I’d once pegged my future life to poetry, having moved on from a year and a half in Alaska post-college to admissions to several topnotch poetry MFA programs around the country. Should I study with William Stafford or Stanley Kunitz, Galway Kinnell or Allen Ginsberg?
I chose New York City because my friends were there. I rode the subway incessantly, scribbling observations, word-plays, internal and external rhythms and rhymes. I had a plan to rewrite Dante using the MTA as my Virgil. Once I lost a large notebook and somehow retrieved it after several hours riding trains to retrace my steps.
I gave a public reading that drew dozens of friends, but also dozens I’d attracted via a write-up in the SoHo Weekly News.

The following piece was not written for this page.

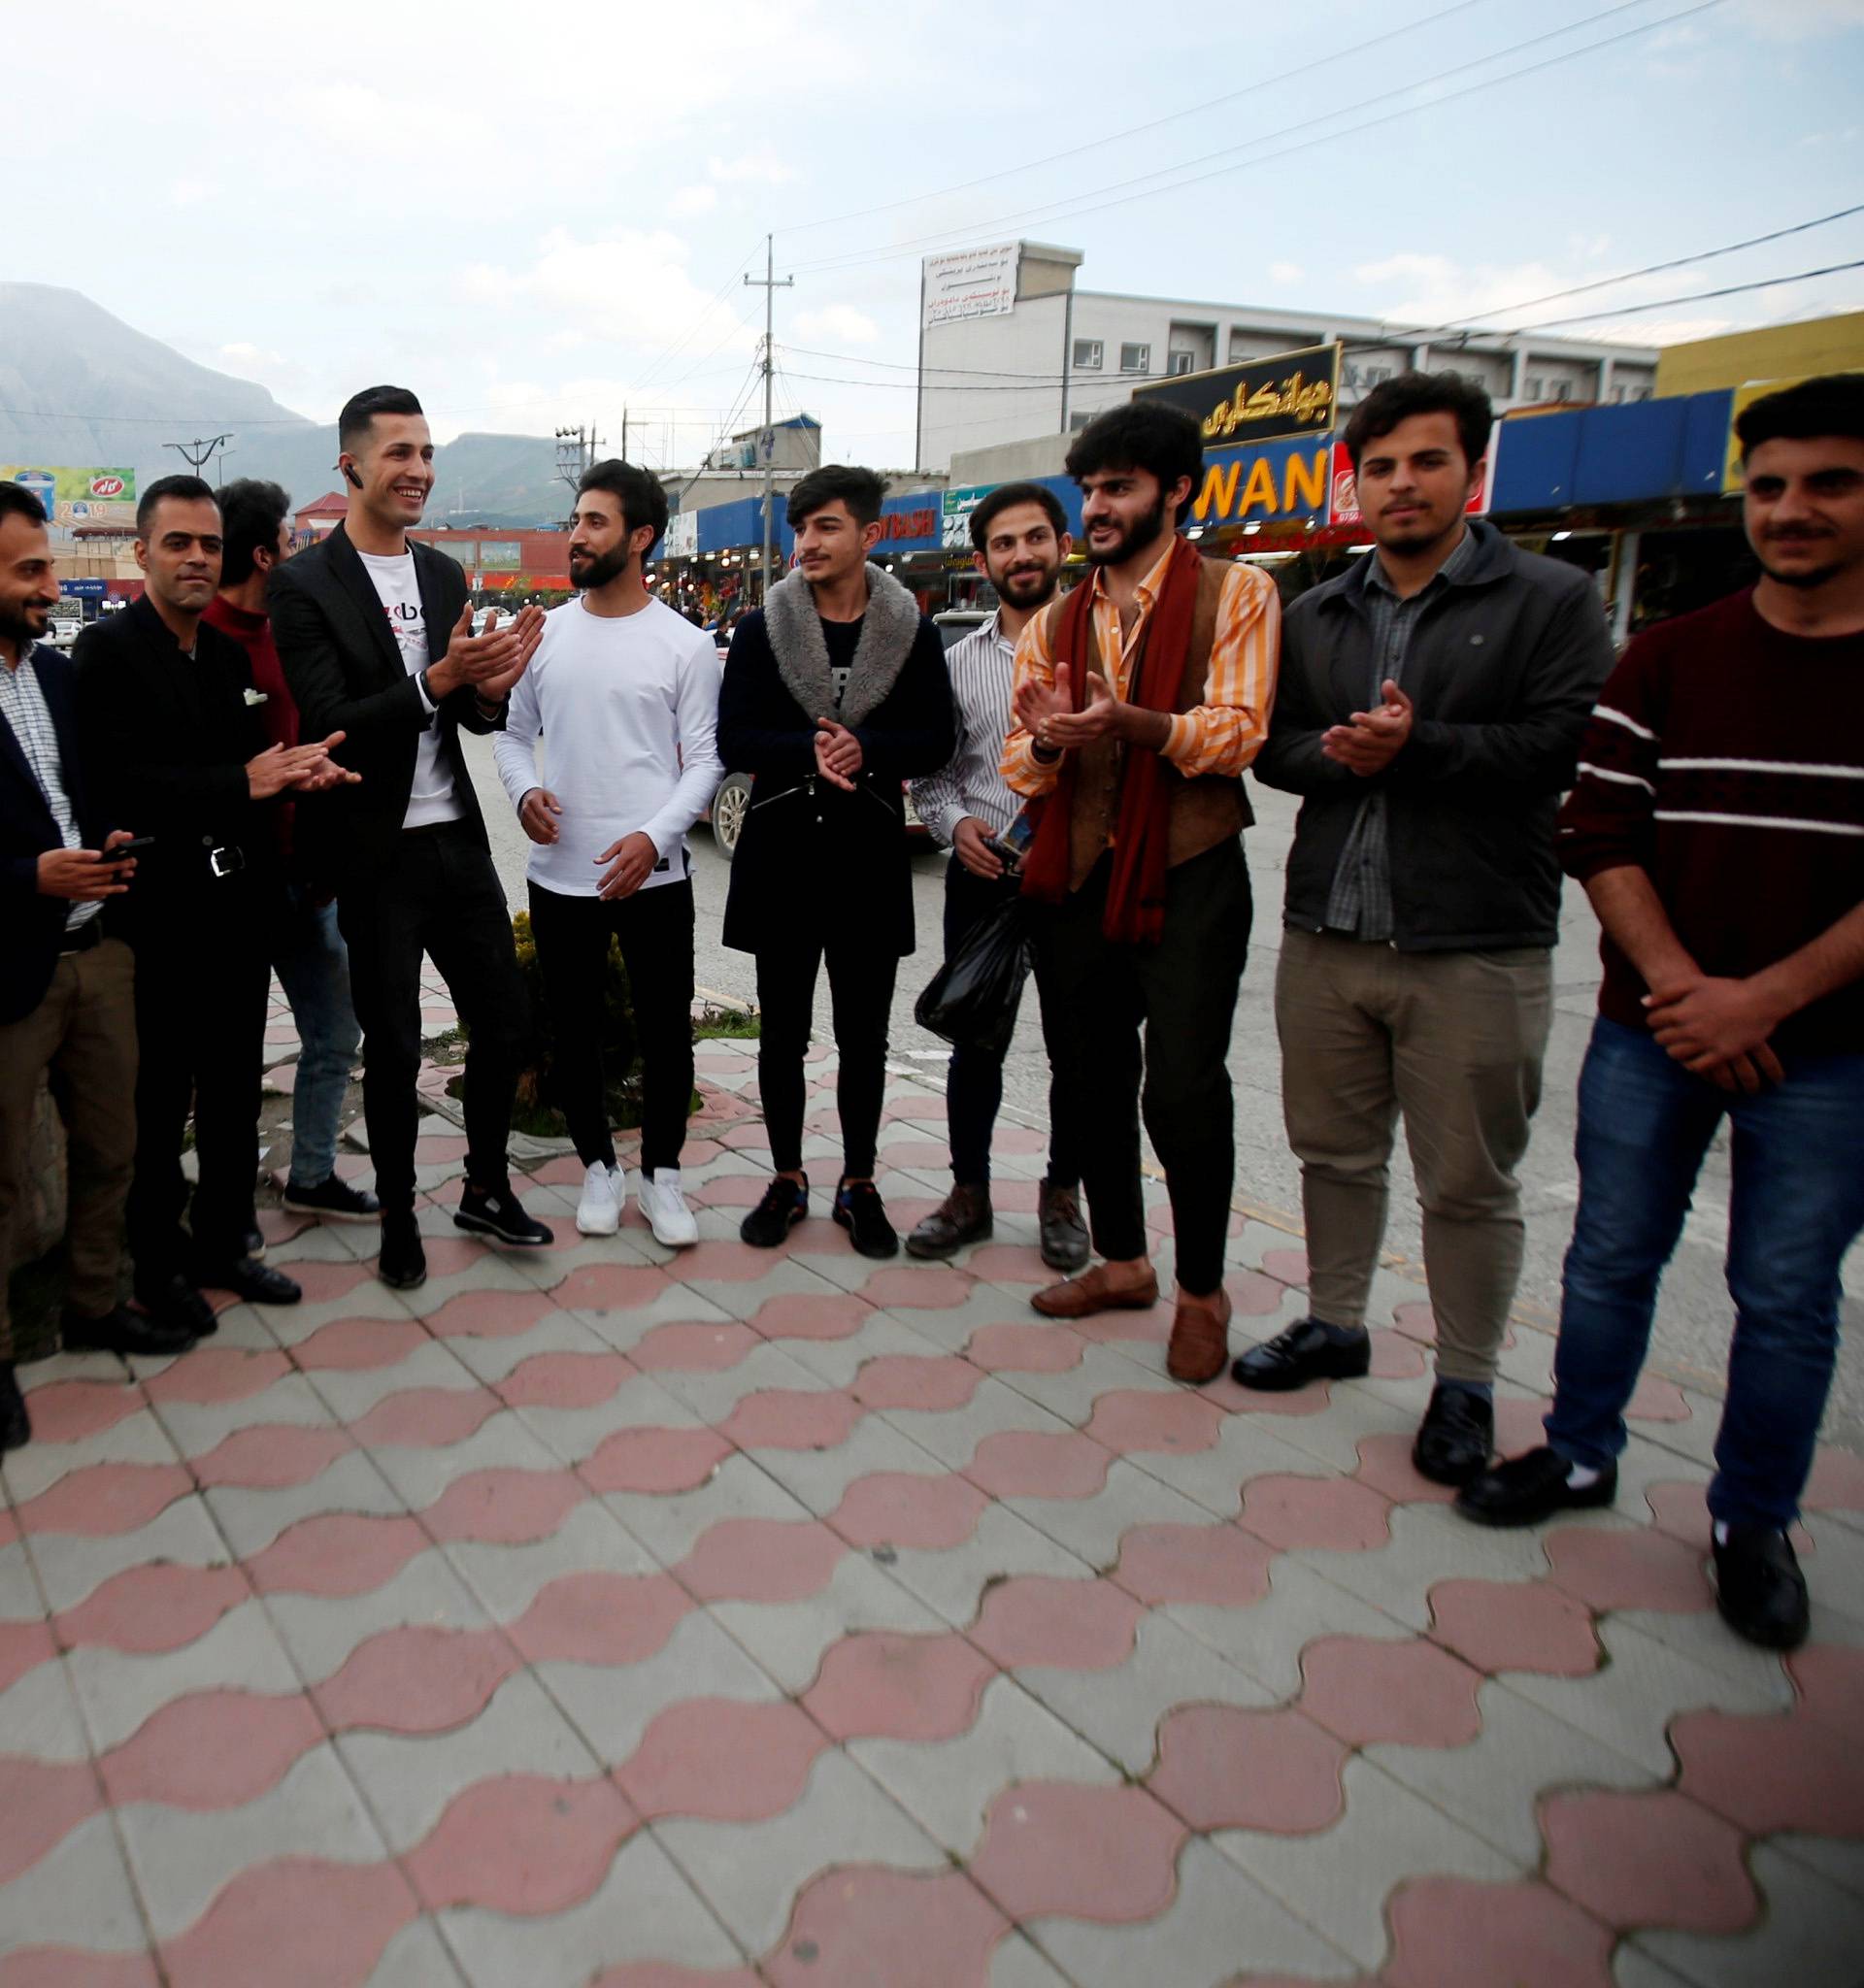 Biwar Abdullah, 25, an Iraqi Kurdish local footballer, who looks like the football player Cristiano Ronaldo, takes pictures with people in the district of Soran, northeast of Erbil

Ginsberg said I didn’t need the MFA and its financial burdens. Kinnell said I could audit his classes and keep doing what I was doing. I joined a group of Ivy-League graduates who met weekly to discuss their writing. Many were starting to publish. Many have since had careers described by others as “writer’s writers.” We talked about what we were reading as much as what we were writing.
I carried it all upstate with me, but by then I’d sidetracked into attempts at producing Off-Off Broadway theater, writing and producing Independent film, putting on cutting-edge post-punk concerts and events. Making a living. living a life.
I lived alone to concentrate. Started to make money as a small-town journalist.
Lost my voice.
Over the years I’ve found myself losing other things, as well. I’ve walked into major galleries where everything post-Impressionist looked like blurs to me. For years I couldn’t read fiction. Then I couldn’t read non-fiction.
Will my fickleness have left me with no accomplishments?
Got to keep busy. I have deadlines to meet. And notebooks yet to fill.
I’m working now on the poetry and art of living, I guess. I hope.